Importing Projects for Customers

1. You are here:
2. Support Team Handbook
3. Support Workflows
4. Importing Projects for Customers

On this page

• Overview
• Related macros
• Security reviewed
• Criteria
  • Identifying import errors
  • Pre-Approved Cases
    • Case 1: Large imports
    • Case 2: User mapping of items
    • Other cases
• Process
  • Verify Permissions
  • Offer import and gather information
    • Access request information (mapping users only)
    • Verifying list of users (mapping users only)
  • Request import
  • After receiving export
  • After import is complete

Overview

This workflow is meant to provide guidance on when GitLab Team members might offer to import projects on behalf of customers or prospects as a courtesy, and the process for doing the imports.

Due to the shifting nature of what issues might be relevant, the specifics of this workflow may change.
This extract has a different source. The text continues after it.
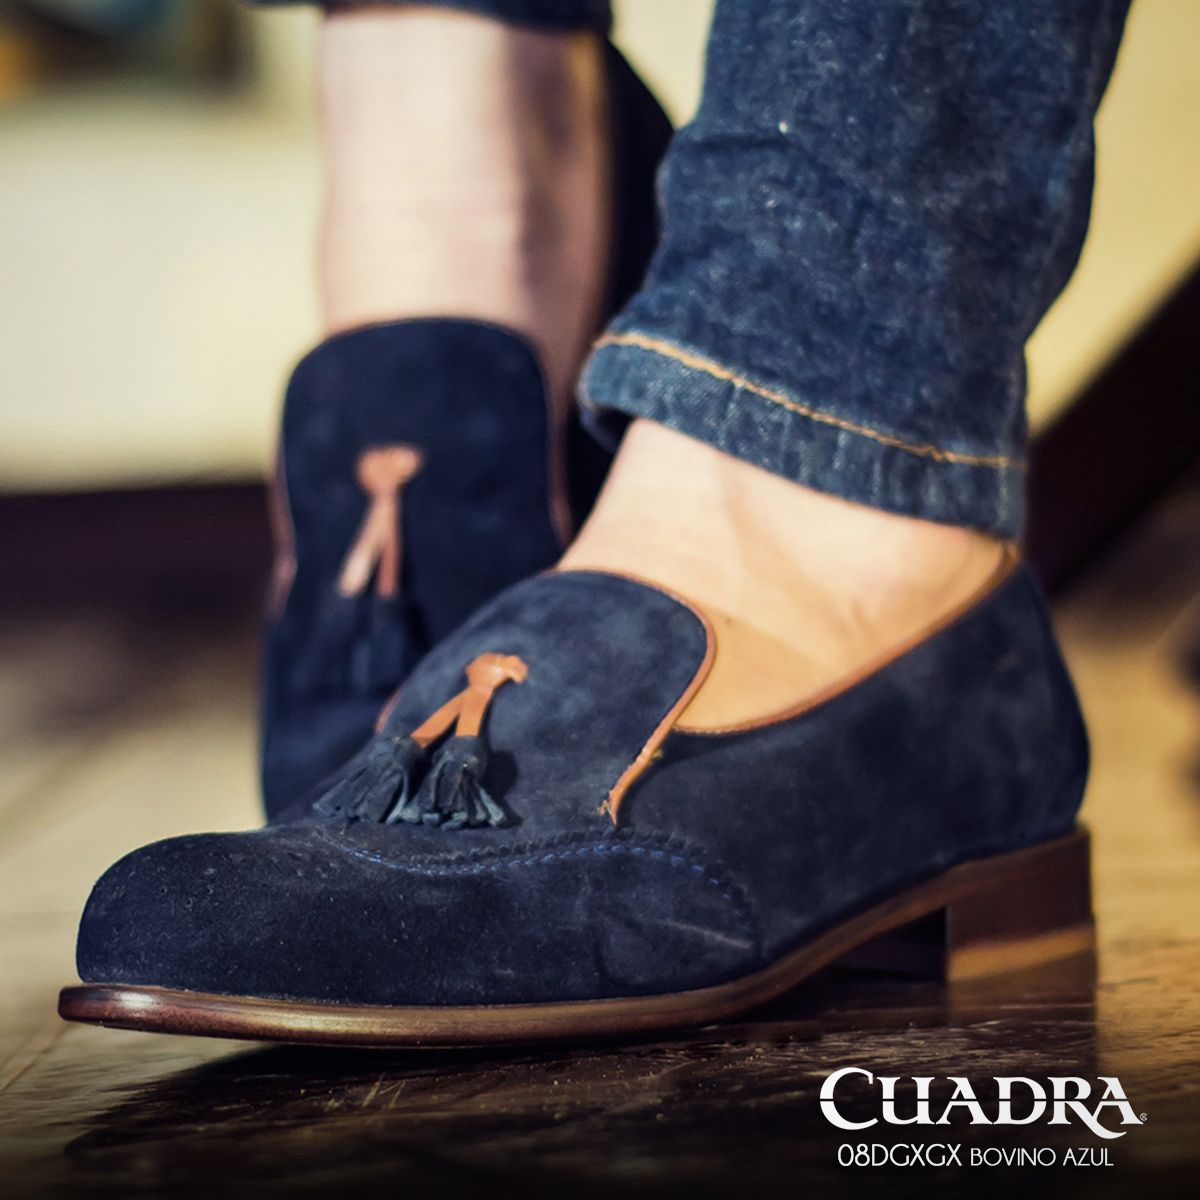 Disponibles en Tienda en Línea. #moda#fashion#shoes#calzado#azul

If helpful, there is a video recording from 2019-05-22(internal) where the first half is a walkthrough of the process, and the second half talks through troubleshooting issues.

Related macros

• GitLab.com::Import::Verify import criteria
• GitLab.com::Import::Require group permission
• GitLab.com::Import::Offer import
• GitLab.com::Import::Verify user list
• GitLab.com::Import::Complete customer to verify

Security reviewed

In 2020-03, the process passed a security review in addition to the process review from 2019-02.

Criteria

The Support Team can offer to import a couple of projects as a best effort courtesy, but anything complex with many users or projects is out of scope. These users should be referred to Professional Services.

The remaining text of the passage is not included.